The man disgusted her, she realized. Calling a woman—his woman—“a little dove” was supposed to be a term born out of love and honor. Her arm went limp in his grip. He never loved her. Never honored her. And she had thrown away her chance to escape him. She was a fool.

“You all see how I care for her! I’d never hurt her,” Gabin barked at the growing crowd and gestured to élise as if she were a display of his generosity.

“I took her in when no one else would, and this is the thanks I get? Letting a sea rat steal her from me for ten days, leaving me to labor alone for all of you?” He turned to Rollant.

“You vagrant, listen here, she’s well now, and you don’t have to worry your pretty head. Get back to the water, sea rat.”

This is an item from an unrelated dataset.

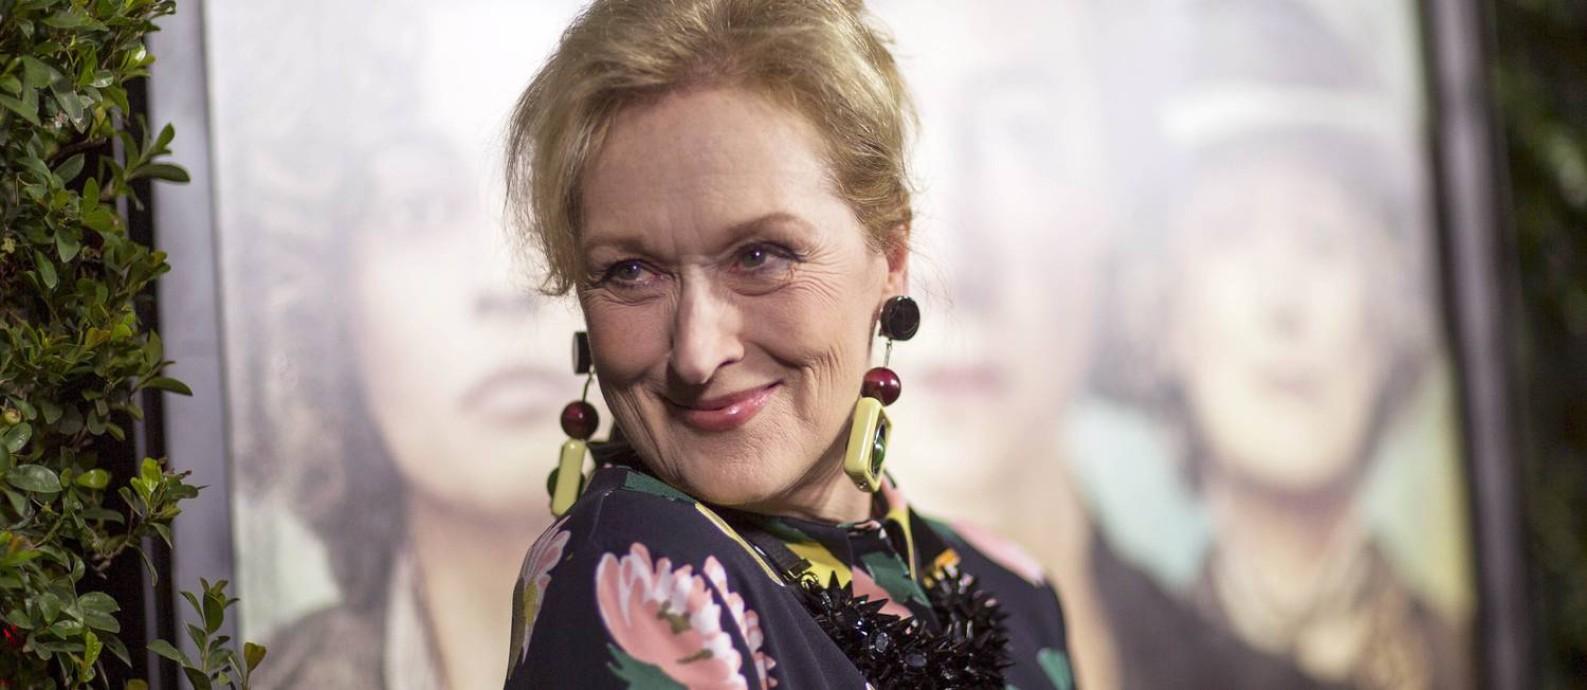 A atriz Meryl Streep Foto: MARIO ANZUONI / REUTERS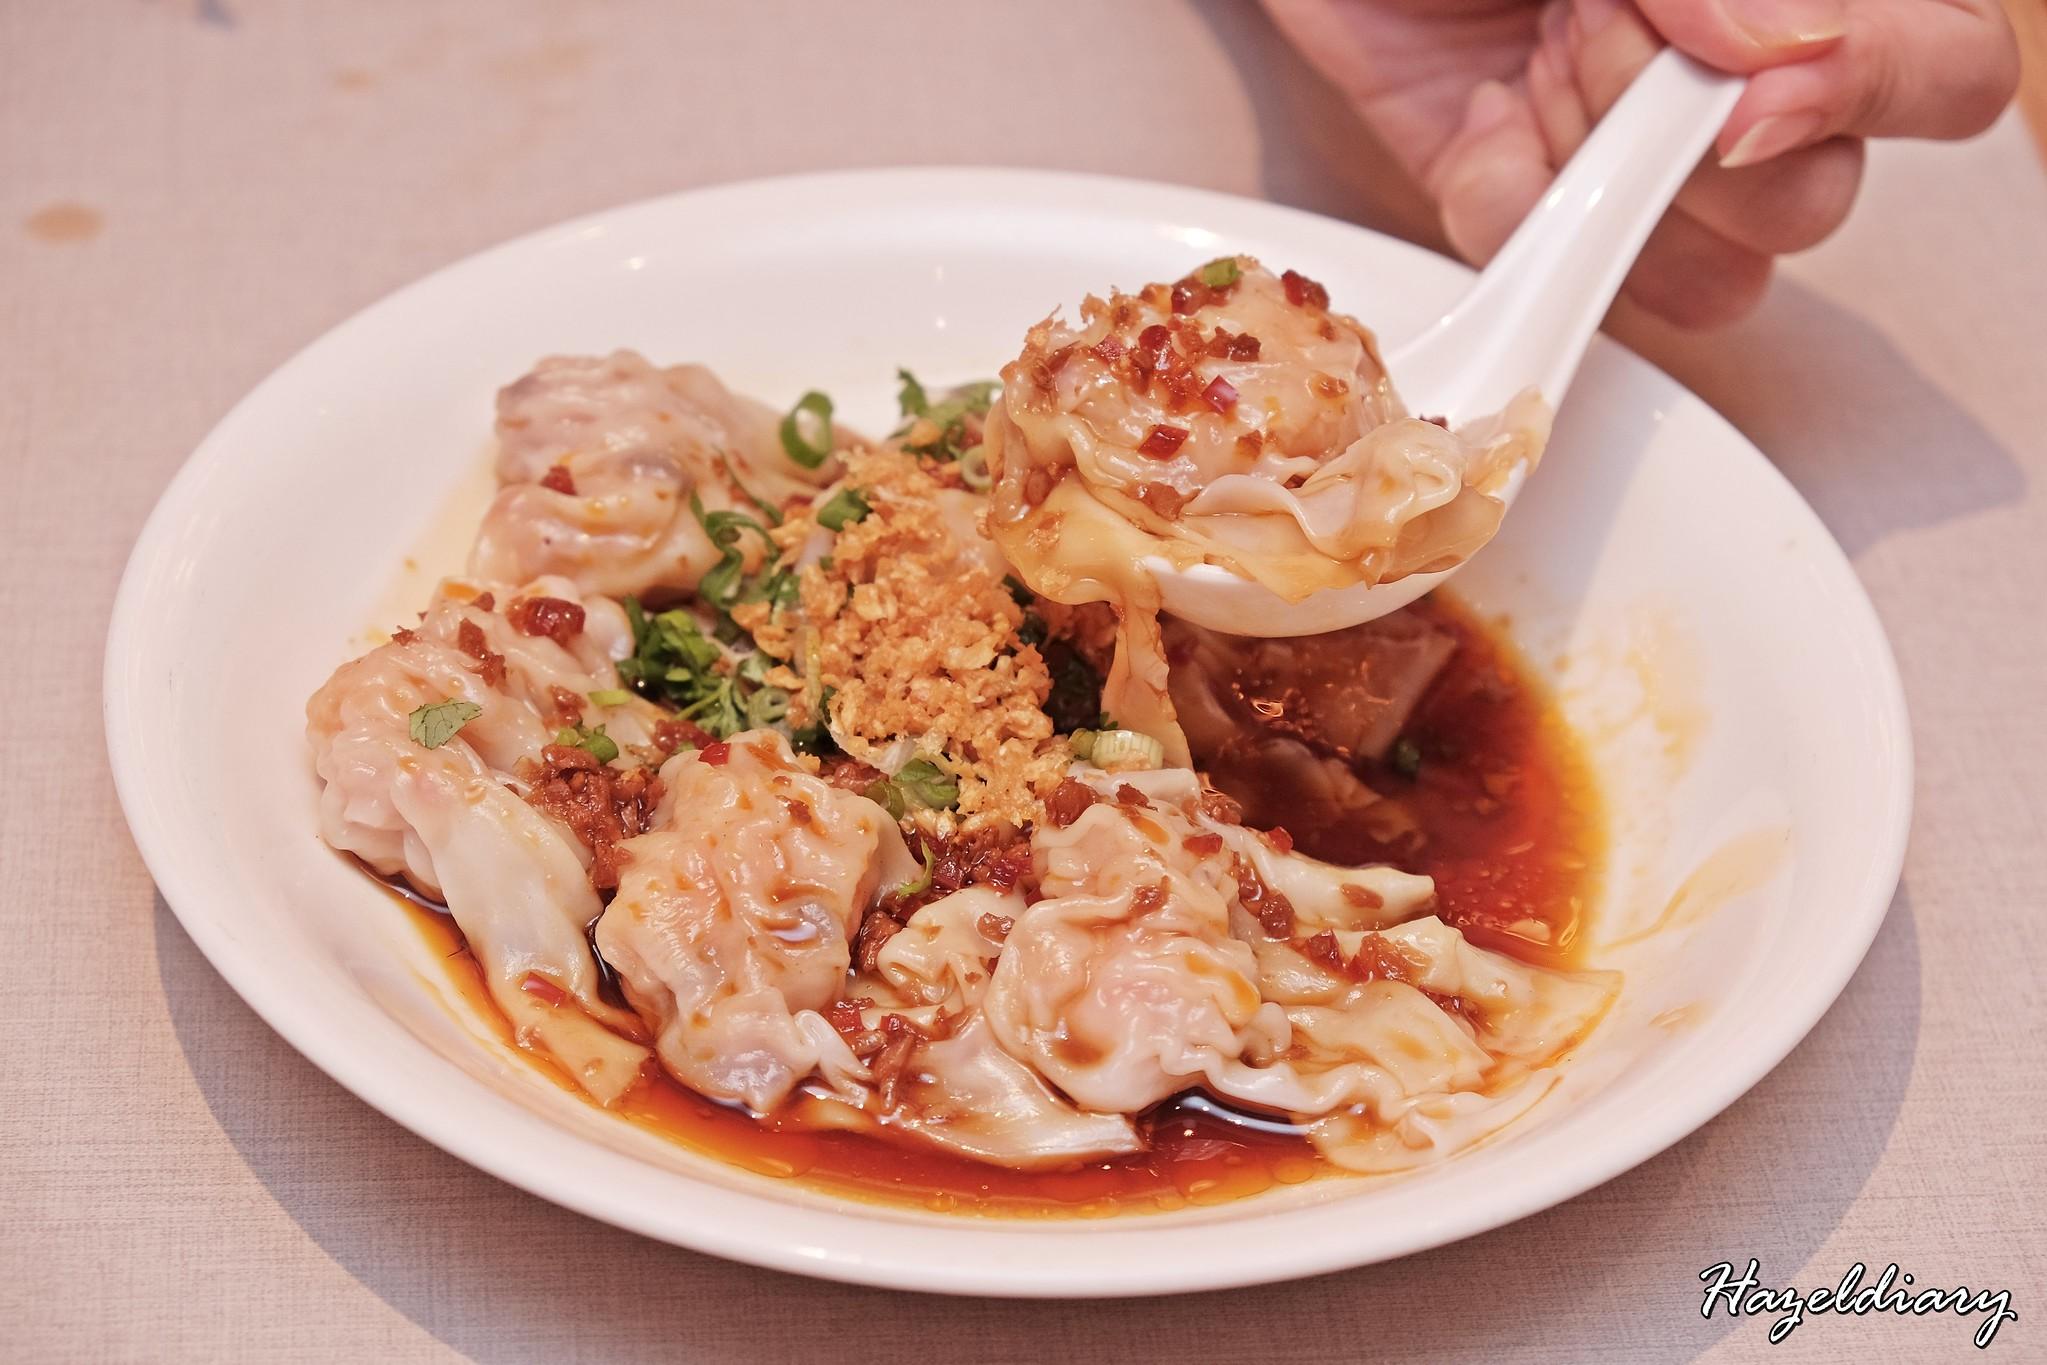 Paradise Dynasty-Prawn and Pork Dumpling in Hot Chili Vinaigrette

Rollant countered again, and she knew Rollant would only leave on his terms. The corners of her mouth dared to rise at his show of calm power, yet worry etched into her brow. No one trifled with Gabin.

“She had a long walk here and is still not fully well,” Rollant said. “élise will need rest and assistance in the bakery to fully recover.”

She shook her head slightly at Rollant, hoping to signal him to leave before Gabin turned the crowd against him to take his life. She would survive Gabin, but part of her survival hinged on whether or not she knew there was a possibility Rollant was still alive.

Gabin must have seen her headshake from the corner of his eye, for he growled, “You have something to say to your lover, élise?”

There was a gasp through the growing crowd. “He isn’t my lover,” she whimpered at the renewed deathly grip he had on her arm.